The Biden Administration’s AI Policy

The FTC’s focus on stopping anticompetitive conduct in the AI space directly aligns with the Biden Administration’s priorities as AI technology expands in use. On October 30, 2023, President Biden issued the “Executive Order on the Safe, Secure, and Trustworthy Development and Use of Artificial Intelligence.” This Executive Order highlights the Administration’s serious focus on the future of AI technology—and its accompanying risks—and serves as a public call to action for the FTC to step up its enforcement efforts in the AI space.

The Executive Order emphasizes that the United States has been a leader in developing AI technology and that the Biden Administration is focused on ensuring that the United States’ leadership in the AI space continues. But alongside the possibilities inherent in the growth of AI technology are serious public policy concerns which the Executive Order seeks to address. The Executive Order focuses on a range of potential risks accompanying the rise of AI technology, including infringement of privacy rights, national security threats, potential commercial fraud, and discrimination from AI technology algorithms. The Executive Order also establishes the White House Artificial Intelligence Council, which is an executive branch group dedicated to coordinating AI policies among the federal agencies.

Chief among the issues the Executive Order seeks to address is competition—both how to foster it and how to stop unfair methods of competition as AI technology develops. The Biden Administration sees these as interconnected goals—preventing anticompetitive conduct fosters competition, and supporting competition helps prevent anticompetitive conduct from occurring in a market where only a few large companies control inputs and technology.

The Executive Order proposes a two-pronged approach to supporting innovation and competition in the AI space. First, the White House’s Executive Order focuses on ways to spur growth in the AI space by broadening education and access to AI technology to support a workforce ready to engage and innovate with this technology. It also emphasizes the need to broaden access to funding to enable small start-ups to meaningfully compete. The Order makes clear that the Biden Administration wants the United States to remain a hub of innovation and continue to draw students from around the world.

Existing alongside this desire to affirmatively support AI growth is a desire to ensure that anticompetitive behavior does not proliferate in this relatively nascent industry. Indeed, the Executive Order states that fostering innovation “requires stopping unlawful collusion and addressing risks from dominant firms’ use of key assets such as semiconductors, computing power, cloud storage, and data to disadvantage competitors.” The Executive Order repeatedly emphasizes the need for “small” businesses and developers to have a chance to compete and innovate in the AI space, signalling a concern with a situation in which a small number of companies dominate the AI industry. The Executive Order also warns of the potential for AI technology to “lessen market competition.”

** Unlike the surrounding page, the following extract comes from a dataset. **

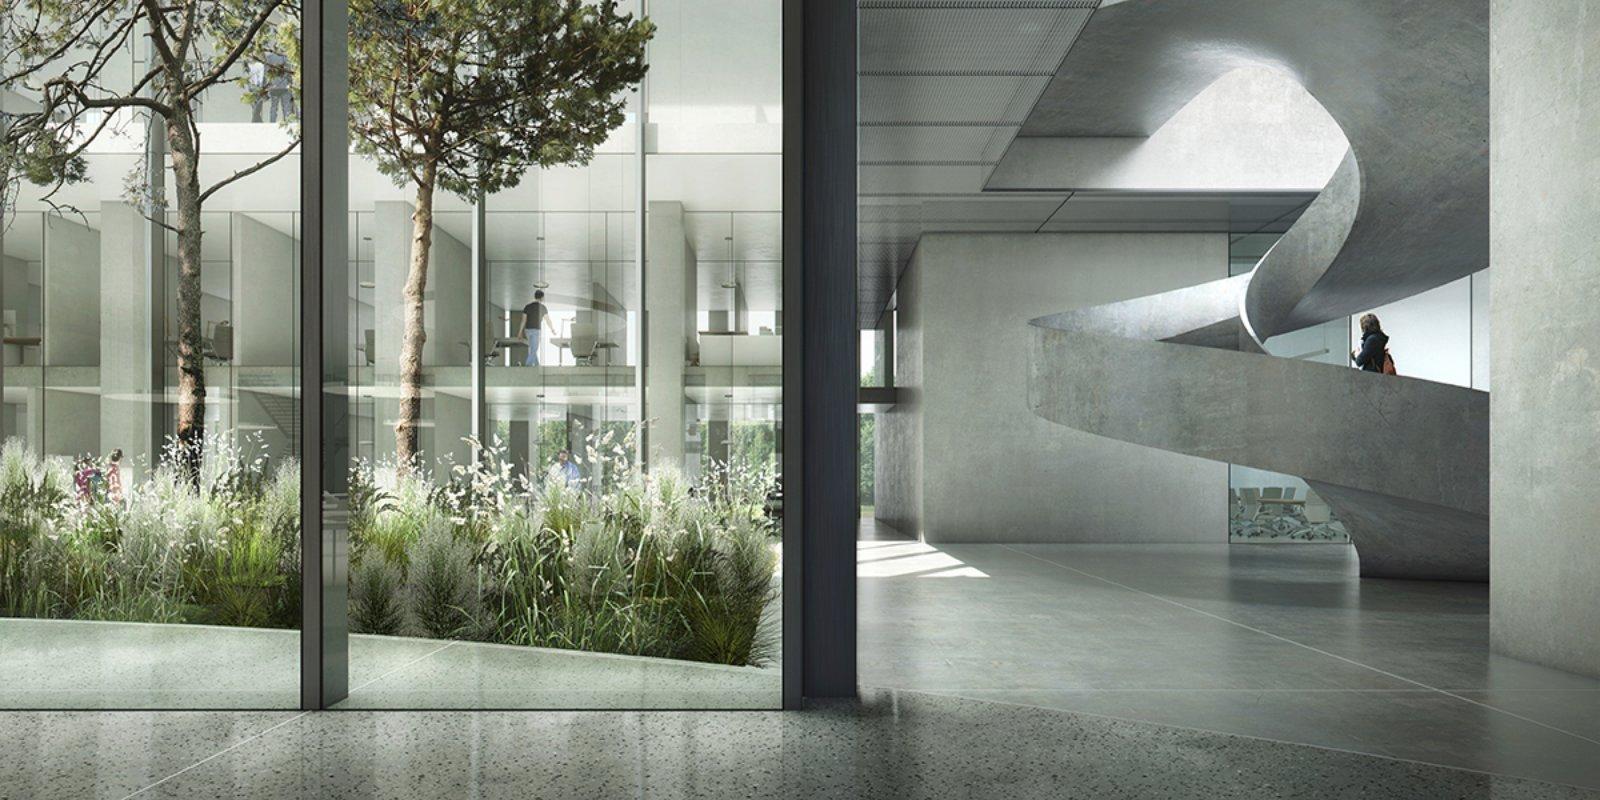 new Tilburg University building

The Executive Order further directs agency heads to take concrete actions to promote fair competition, including “addressing risks arising from concentrated control of key inputs, taking steps to stop unlawful collusion and prevent dominant firms from disadvantaging competitors.” In so directing, the Order calls out the Federal Trade Commission “in particular” to decide “whether to exercise the Commission’s existing authorities, including its rulemaking authority . . . to ensure fair competition in the AI marketplace and to ensure that consumers and workers are protected from harms that may be enabled by the use of AI.” The Biden Administration’s Executive Order could not be more clear about the role it sees the FTC playing in regulating the AI industry.

FTC Antitrust Enforcement in AI Markets

Perhaps no agency is more eager to answer President Biden’s call to crack down on AI than the FTC. Even before the White House issued its Executive Order on AI, the FTC publicly committed to combatting perceived threats to competition posed by AI technologies.

In a May 2023 op-ed titled “We Must Regulate A.I. Here’s How,” FTC Chair Lina Khan provided a glimpse into the Commission’s strategy to promote competition in artificial intelligence markets. Khan sees the emerging market for AI technology at an inflection point, much like the beginning of the Web 2.0 era about two decades ago. In Khan’s judgment, companies like Facebook and Google enjoyed initial success by competing on the merits of innovative products, but later locked out competition by employing coercive, exclusionary tactics. The FTC Chair not only blames Big Tech companies themselves for concentrating tremendous market power, but also her predecessors in government for “a broad range of policy choices” that allowed them to do so.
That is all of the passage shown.